What to know, what to learn

Let’s talk about what we should know and learn, shall we?

My friends Chris Heilmann and Marco van Hylckama Vlieg recently wrote Web Development is Moving On – Are you? respectively The death of web development and design, and what to do next.

Having only skimmed through them before, I was sure I would react strongly to something and completely disagree with them, but I just read them properly, and my “problem” is that both are well-written and very balanced. However, I do have some thoughts to complement their posts, so please allow me to chime in.

What to know

Chris has an interesting quote, which Marco used, and I will as well:

Our craft is becoming a commodity and people in charge don’t care about the quality of the markup, CSS or how short our JavaScript is. What matters is how fast you can get it to market, how many people it reaches and how cheaply it can be built.

With all due respect, I disagree. Of course time to market, reach and price is important, but let’s think a little longer. Think about the cost of maintaining a web site which was quickly developed, or just how easy, or hard, it is for a new developer to grasp the code and the concepts.

And, when you realize that the site weighs a little bit too much to load, there are a number of HTTP requests too many to make it pleasant for the end user, or it just suddenly fails in some web browsers, who would you turn to to solve that?

Your employed developers that used all the APIs and provided documentation will have no clue how to solve specific problems, since they don’t know about the inner workings of what they used, only the exposed methods.

Overbelief in APIs, libraries and services

And this leads me to what I see every day as a consultant, and have done so for quite some time. With all services, JavaScript libraries etc, people can deliver amazing things in a short amount of time for a low cost. Great! Really!

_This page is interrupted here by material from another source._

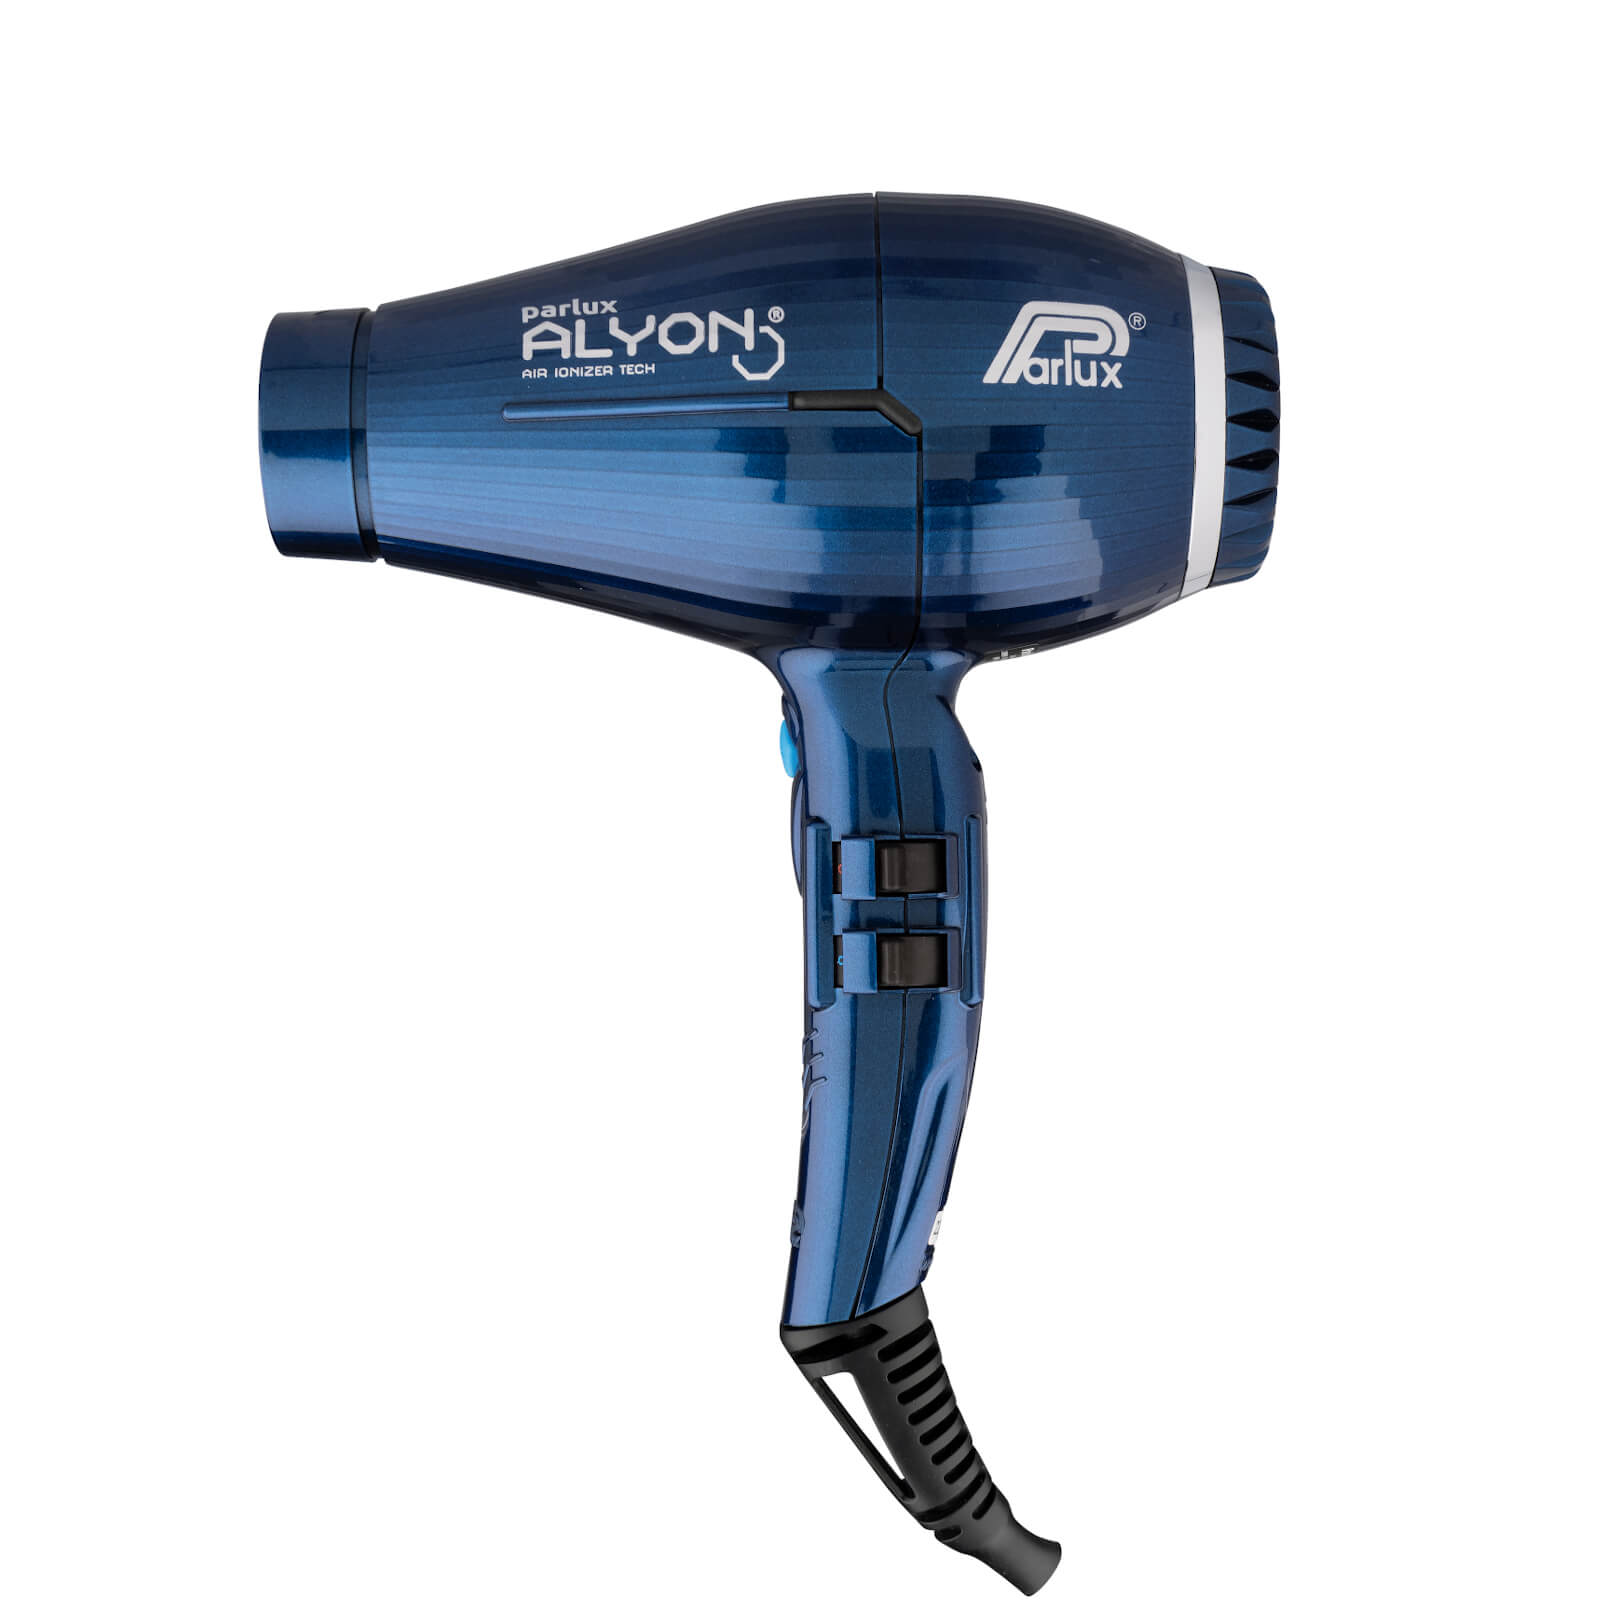 Parlux Alyon Air Ionzier Hair Dryer 2250W (Various Shades) - Midnight Blue

But, if you have developers who don’t really understand what they have used, why it actually works, and how you can control it, it will come back to bite you in the end. For instance, with the mass-adoption of JavaScript libraries, like jQuery (which is a great JavaScript library), people use it everywhere with every possible effect and method available.

They deliver stunning results, but as soon as they have to tweak it, optimize it or just plainly find out why it doesn’t work as expected, they’re stumped. And I see this with a lot of developers and projects, where people want, or are pushed, to deliver what might at a first look seem as magic, but essentially they don’t know how it works. And that, my friends, is a very dangerous situation to be in as a developer.

And with JavaScript libraries, they are generally built to fail silently, and with no debugging option available. Read The Art of Throwing Errors in JavaScript to delve more into why this could pose a problem as well.

Maybe I’m exaggerating here, but at times, the trust in APIs and services remind me of the time when knowing how to code HTML would be completely superfluous, since all WYSIWYG tools (Dreamweaver et al) were to replace that. Guess what? So far, no tool has gotten smart enough to figure out how people try and build things, since the human mind sure works in mysterious ways.

With the same line of thinking, APIs and such only go a certain way in figuring out what you want. Sure, you can contribute to it, but that doesn’t necessarily mean you get exactly what you want – and, more importantly, what you want might be the opposite of what someone else wants, so the bigger the API/service, the bigger the compromises.

A lot of companies still do it themselves

Chris and Marco work at Yahoo, where they get the opportunity to work with a lot of very talented developers. And when they’re not, they’re mingling with a lot of other great people at conferences. That is fantastic, truly, but I think that it just might cloud their judgement a little.

From what I see, most companies still want to do it themselves, host it themselves and generally adapt it themselves. They use libraries, public APIs etc to a certain extent, but the vast majority of what they have is produced by their own developers and/or consultants they hire.

And I don’t really think this comes out of fear for the cloud (although what happened to Ma.gnolia is truly fucked, and should not be possible to happen), but rather that they like control, overview and doing things from scratch if possible.

Is that a bad thing? Yeah, perhaps, but at other times they produce fantastic results which they can customize and maintain however they seem fit.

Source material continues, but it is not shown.